Она ничего не ответила; и только по тому, как дернулись ее губы, я понял, что мои слова ей были неприятны. Она очень хорошо, лучше, чем другие, знала эту свою печальную особенность и не любила, когда я говорил об этом. Однажды я, после длинного разговора с ней – она все время уклонялась от ответа на прямые вопросы, которые я ей делал – мне самому со стороны было ясно, что они становятся несносны, но я не мог заставить себя остановиться, – сказал ей:
– Почему ты мне не отвечаешь? Ты считаешь, что я не прав – или ты боишься?
Она быстро подняла на меня свои черные и по-прежнему сердитые глаза и ответила очень спокойным голосом, идеально не соответствующим выражению ее лица:
– Нет, я просто считаю, что на этом лучше не настаивать. Зачем?
И как почти всякий раз, когда я разговаривал с ней о таких вещах, у меня было впечатление, очень похожее на то, что меня мучит жажда, что я нахожусь возле источника – и почему-то его вода для меня недосягаема; это походило на мучительный и непреодолимый сон.
Я знал, однако, всю ее жизнь, все ее, в сущности, немногочисленные романы. Она рассказывала мне о каждом из них обычно много времени спустя, после того, как он давно кончился.
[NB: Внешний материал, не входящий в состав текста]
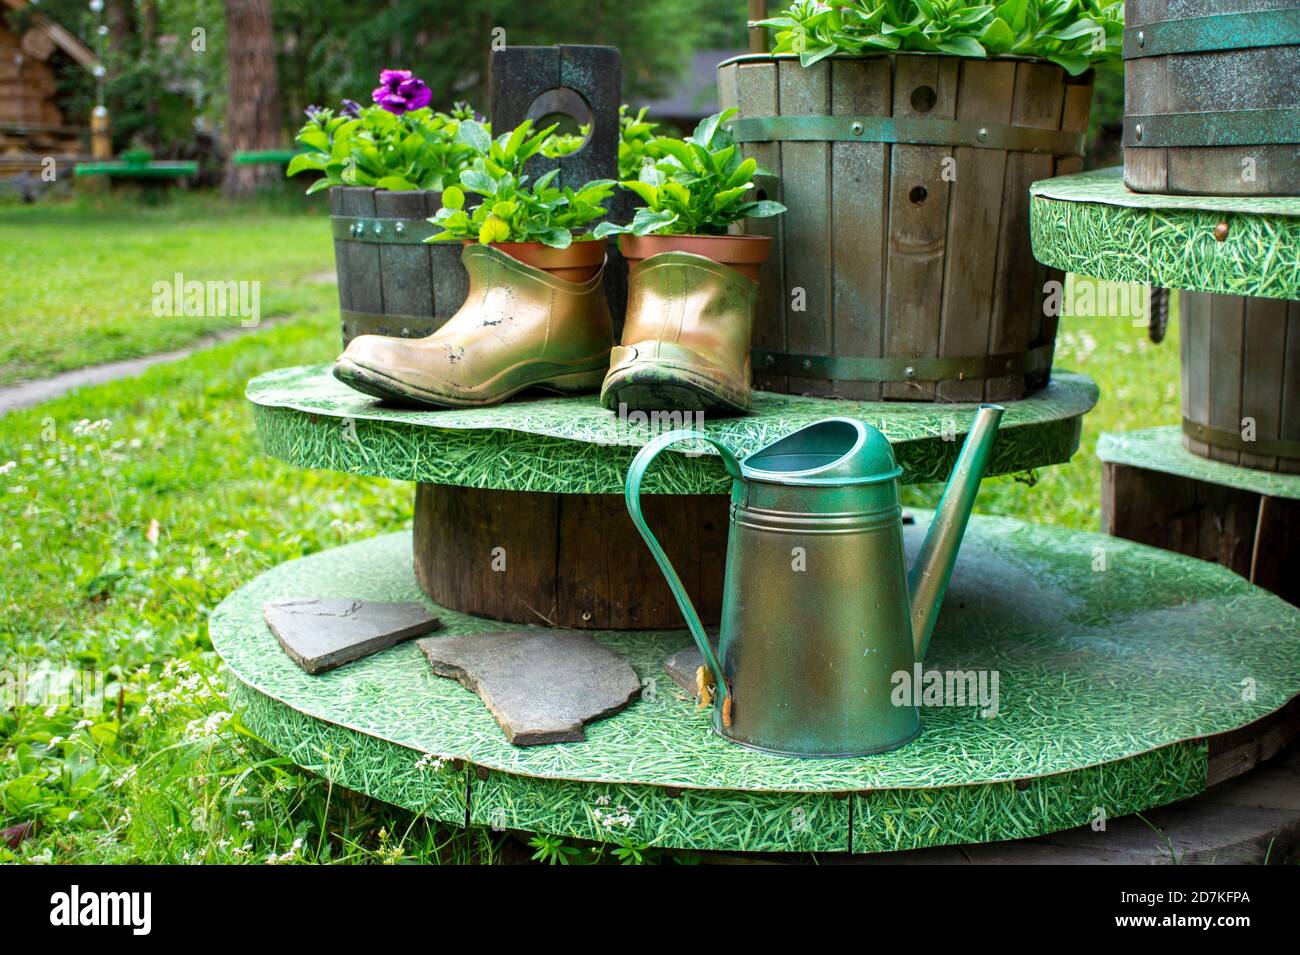 Maceta hecha a mano con botas de goma antiguas y macetas de madera y una lata de riego de metal en el jardín de verano. Concepto ecológico, diseño ecológico Foto de stock
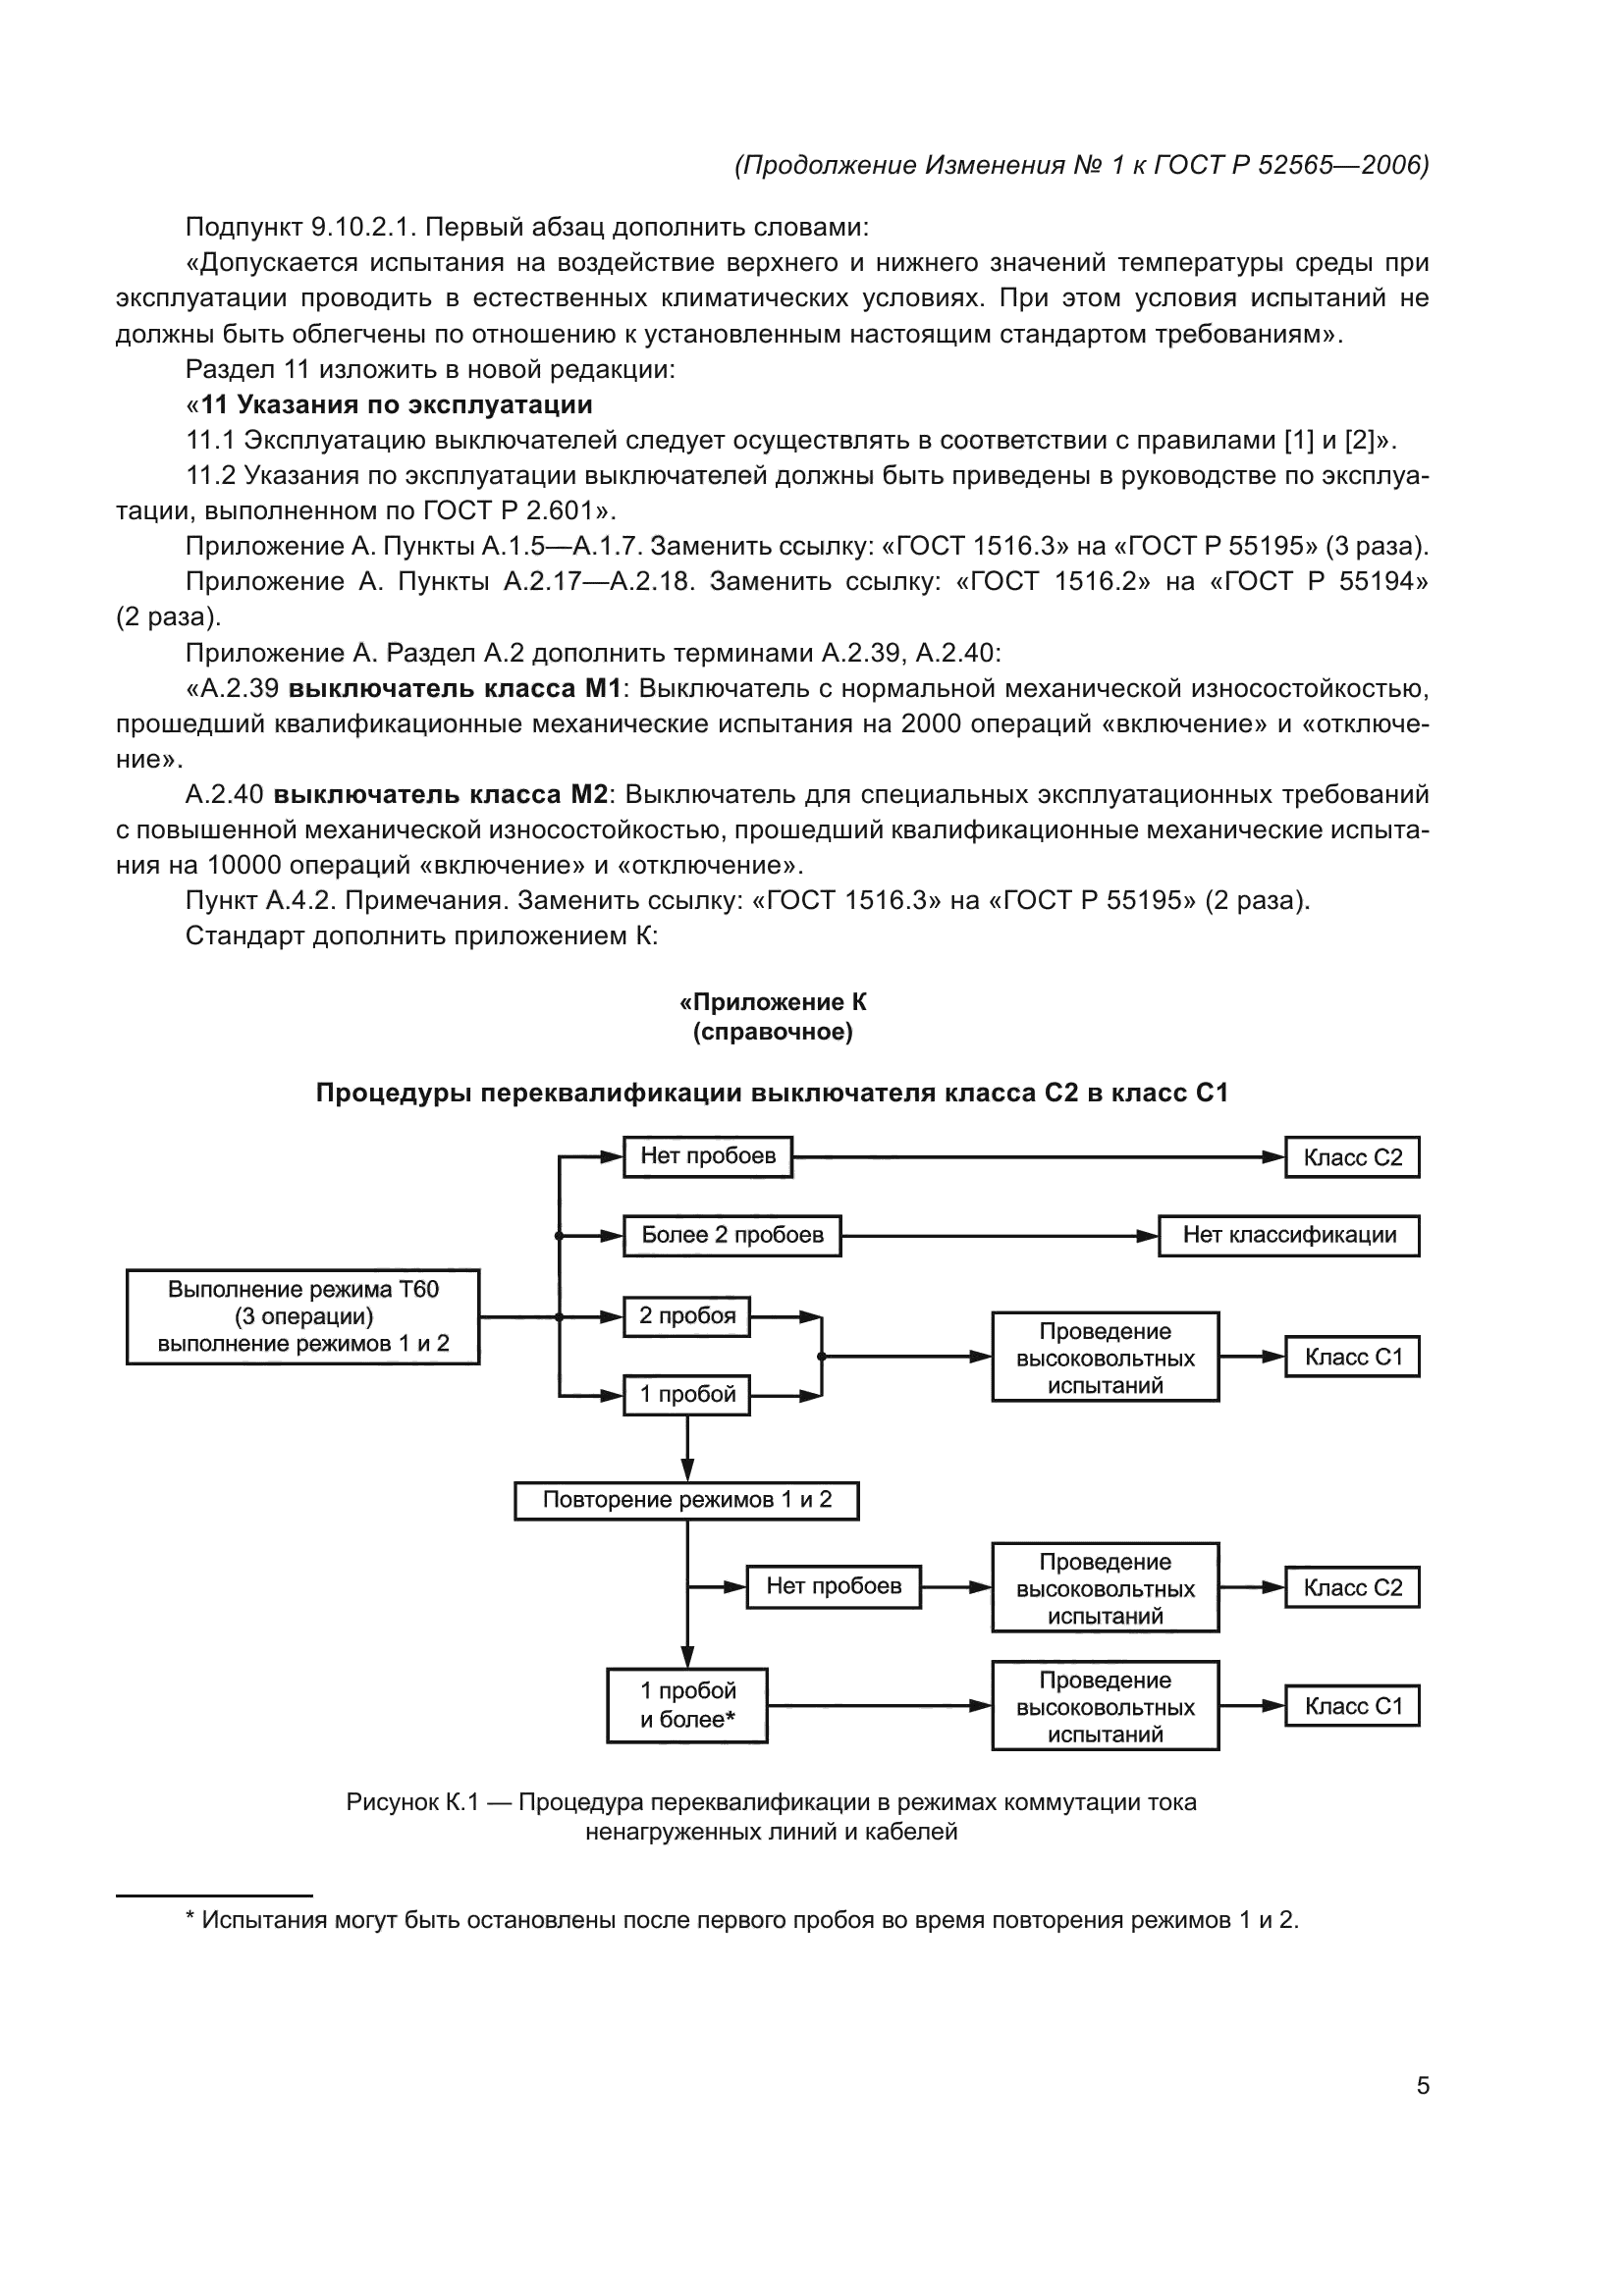 Изменение №1 к ГОСТ Р 52565-2006

Все они отличались одними и теми же особенностями, из которых первая была неизменно характерна для одной стороны и вторая – для другой. Эти особенности заключались в том, что каждый раз герой оставался со своей печальной влюбленностью в Ольгу, влюбленностью, которая потом не покидала его уже никогда, точно это была хроническая и неизлечимая болезнь, нечто вроде душевного увечья, и возможность возобновления этой любви существовала каждую минуту и зависела только от желания Ольги; и, с другой стороны, в том, что для Ольги каждый конец романа был так же безвозвратен, как ее очередной отъезд. В этом была та же почти логическая последовательность, четко приложимая к Ольге, которая во многих случаях точно характеризовала ее жизнь – и которая все-таки ничего не объясняла. И оттого, что мне никак не удавалось, в течение долгих лет близкого и тесного знакомства с Ольгой представить себе, с хотя бы приблизительной верностью, то, что можно было бы назвать ее душевным портретом – как иногда не удается поймать в круглое стекло покачивающегося в руке бинокля какую-то точку на горизонте – и в стекле медленно тянутся, плывут разноцветные далекие пятна, а цель все так же ускользает от глаз, – от сознания этой невозможности, которой у меня не было по отношению к другим людям, мной иногда овладевало непреодолимое раздражение, в сущности бескорыстное и почти безличное. Я помню, как встретил ее однажды после того, как три года не видел ее, неожиданно, душным вечером ранней, едва начинавшейся осени, в Ницце, на Promenade des Anglais[21]; она была в белом платье, резко отличавшемся своим цветом от ее загорелых ног, в белой широкополой шляпе, и шла под руку с высоким загорелым человеком, в глазах которого стояла беззащитная нежность. Он смотрел в ее лицо, не отрываясь, повернув к ней голову, не видя ничего перед собой и не замечая ни розового узенького облака на темневшем небе, ни молодой луны, ни моря, меняющего цвет.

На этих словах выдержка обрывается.